Figure 4: Phase Accurate Wrapper

Since our target processor has features such as high memory bandwidth, memory wait states, stalls, variable interrupt latency, and branch prediction, we therefore developed a cycle-accurate ISA core model that provides ordered cycle events to the bus scheduler. Since the interaction between the processor and the other system components is required on phase boundaries, we in some cases allow the ISA to be advanced in phases (Figure 4). However, only those parts of the processor state that are visible at the pins get updated on the phase edge; the complete processor state is still updated only at the cycle boundary. This enables 100% phase accuracy of the co-verification model.

# 2.4 Model Reuse and Configuration

This section describes a number of elements that enable the reuse of our model. First, the model provides a well-defined set of interface functions and modes. Supported interface functions include initialization, reset, termination, phase execution, state access such as reading and writing registers and memories, setting and resetting of interrupts and pipeline stalls for memory wait states. The model also has interfaces from which the system integrator can customize multi-stage memory and I/O reads (split reads), and memory and I/O writes. Modes include master mode in which the simulation runs as an independent process and slave

mode in which it can be called from an external simulation master.

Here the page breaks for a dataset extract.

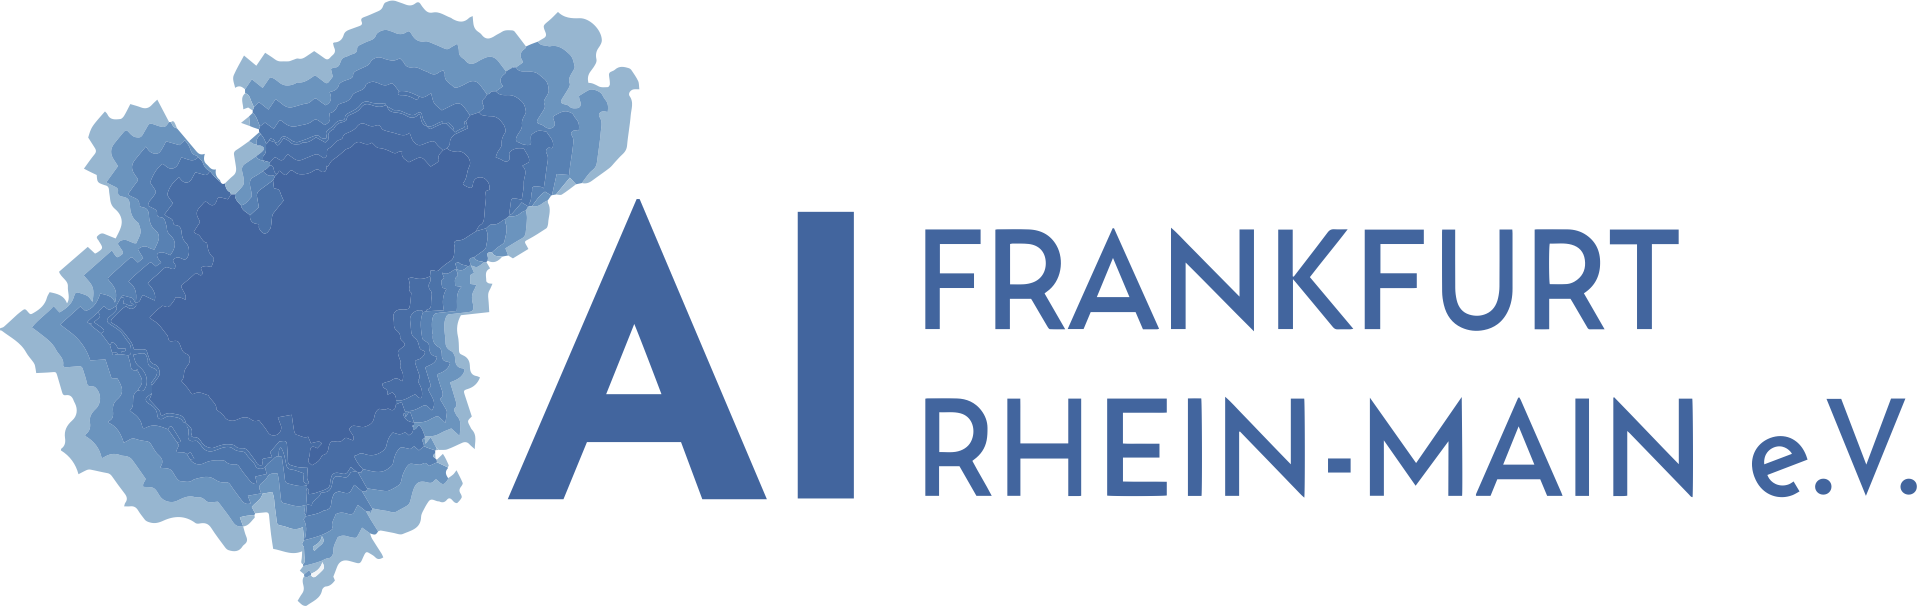 Das Logo des AI Frankfurt Rhein-Main e.V.

These interfaces are critical to enable reuse of the model within a number of environments. For example, for co-verification, these processor models have been integrated directly into an HDL environment as shown in Figure 5a. Also, they have been integrated into a cycle-accurate C<sup>++</sup> environment to form a subsystem "island" which itself has been integrated into a HDL environment (Figure 5b).



Figure 5: Reusing the Model in Multiple Environments

## 3. INTEGRATION: HDL ENVIRONMENT

This section presents our experience in integrating the beforementioned models into a VHDL environment. Since the final verification of the design will be done on a HDL gate-level netlist, a mixed-level VHDL-based environment provides a uniform verification platform that supports model refinement from the abstract behavioral description, to the cycle-accurate, then finally the gate level. Another benefit is model availability and reliability since a large amount of legacy and third-party hardware components are modeled primarily in HDL. At this point, integration is done directly into a commercial HDL simulator but can also be done for standard co-verification tools.

In addition to the DSP, other modeled system components include dedicated and shared memories, programmable/hardwired accelerators, DMA controllers, and processor interface busses.

# 3.1 Overview

In the VHDL environment, the VHDL simulator acts as the central event scheduler. We execute the processor model by a call through the C Foreign Language Interface (FLI) of the VHDL simulator. The phase-level synchronization with the rest of the system is maintained by making the call on every transition of the clock. Before the call, inputs are read, and after the call, outputs are driven. Processor co-verification models are compiled into shared objects and directly integrated without the need for interprocess communication (IPC).

# 3.2 Memory Modeling

Processor memory was modeled in the following three ways. All memory falling only within the DSP's address space (not shared with any other components) is modeled locally within the ISA model, in C. Using the SuperSim compiled simulation approach,

all program memory is pre-compiled into the model. Thus, no program memory interaction takes place at run time, although such interactions could be made visible within the system.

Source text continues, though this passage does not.